Orange County museum officials said Smith will start work there Aug. 4.
Tampa Museum board chairwoman Debra Williams McDaniel called Smith’s departure “bittersweet.”
“During his tenure, he has built a very strong institution that has become known for its outstanding program of exhibitions, accessibility for all and fiscal health,” McDaniel said. “Todd has taken us to new heights as a regional art museum, and we are proud of the gains we made together due to his immeasurable talent, hard work and dedication.”
Smith came to Tampa from the Gibbes Museum of Art in Charleston, S.C. He oversaw the construction of the Tampa museum’s new home on the northern edge of Curtis Hixon Waterfront Park.
In addition to being the museum’s executive director, Smith also curated its modern and contemporary art collections. He brought 45 special exhibitions to the small museum known mostly for its collection of Greek pottery.
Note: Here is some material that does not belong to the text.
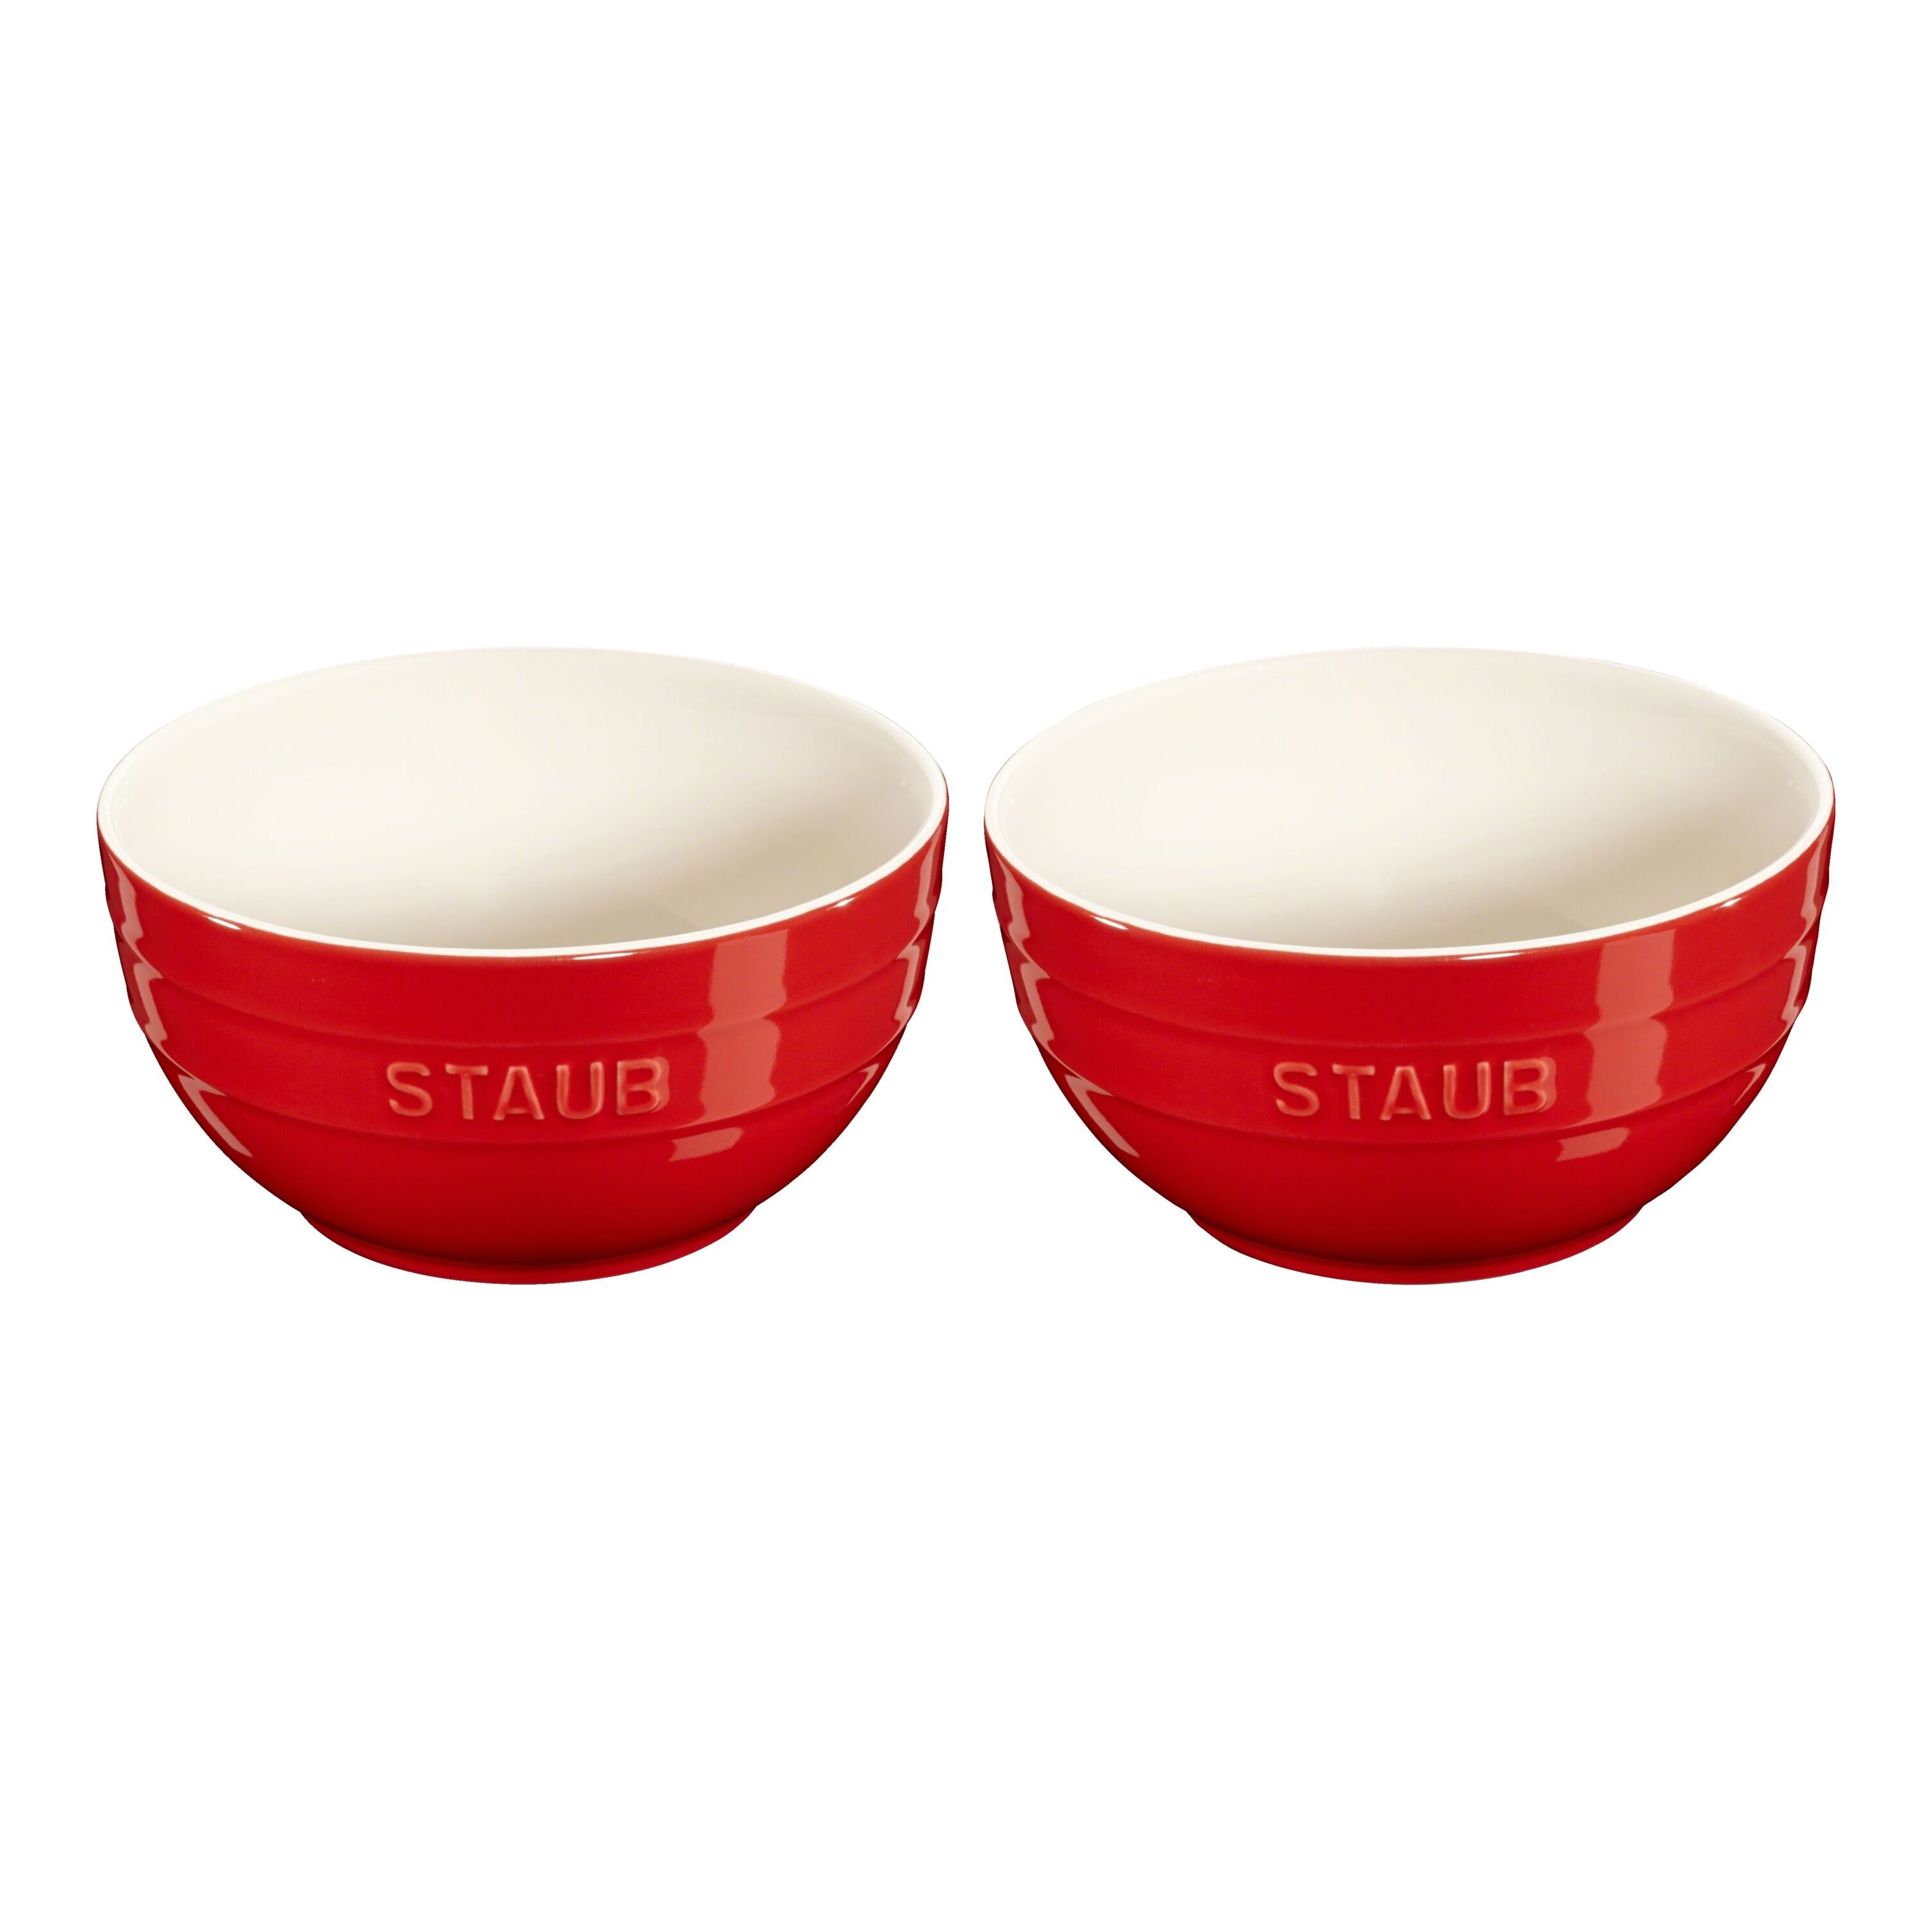 Staub Ceramic - Bowls & Ramekins 2-pc, Large Universal Bowl Set, Cherry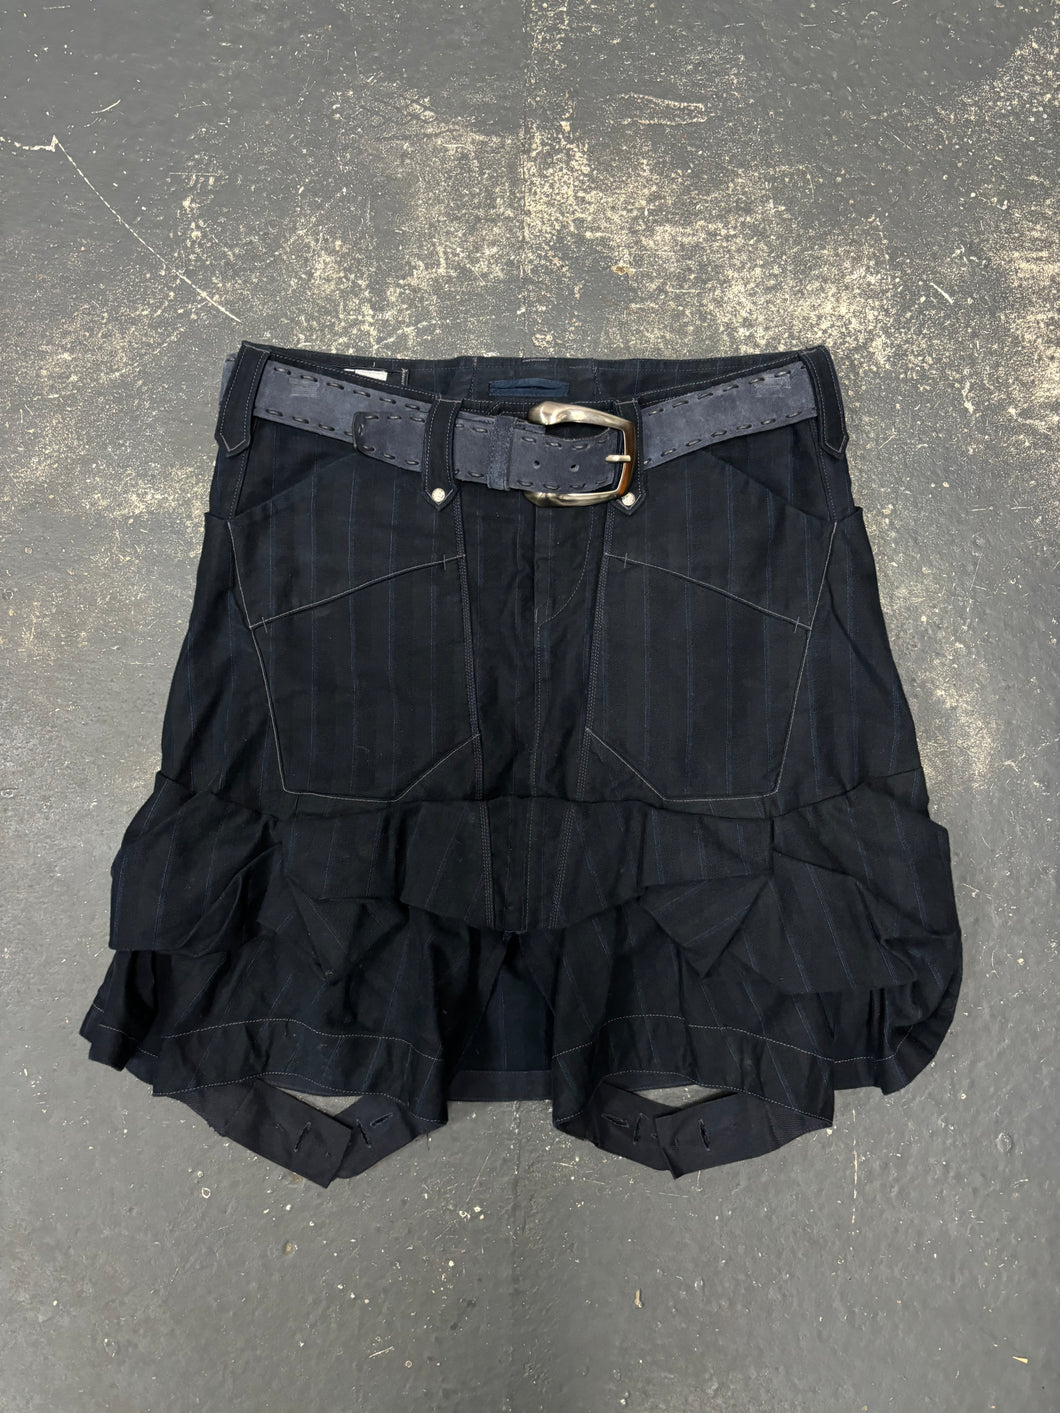 Marithe Francois Girbaud Skirt Pants Hybrid (38)

Under Smith’s leadership, the museum’s paid attendance and donor contributions grew from less than $500,000 in grants, donations and memberships in 2008 to just under $1.5 million in 2012, according to the museum’s most recent federal non-profit tax filings.
Contributions peaked in 2010, the year the museum opened in its new home, at $2.1 million.
Smith focused much of his energy on bringing touring exhibitions to Tampa rather than building the 33-year-old museum’s collection.
Smith said he took that approach as a way to bring major art pieces to Tampa at a time when the museum lacks the millions of dollars needed to compete for art work.
“It’s a concern for a lot of younger art museums,” Smith said.
The Tampa Museum of Art was founded in 1979. “Most of the major collections were already in museums by that point,” Smith said.
The traveling exhibitions, combined with pay-what-you-will Friday hours, have helped build the museum’s relationship with the residents of the Tampa area, Smith said.
“I’ve seen a marked change in how people talk about the museum,” Smith said.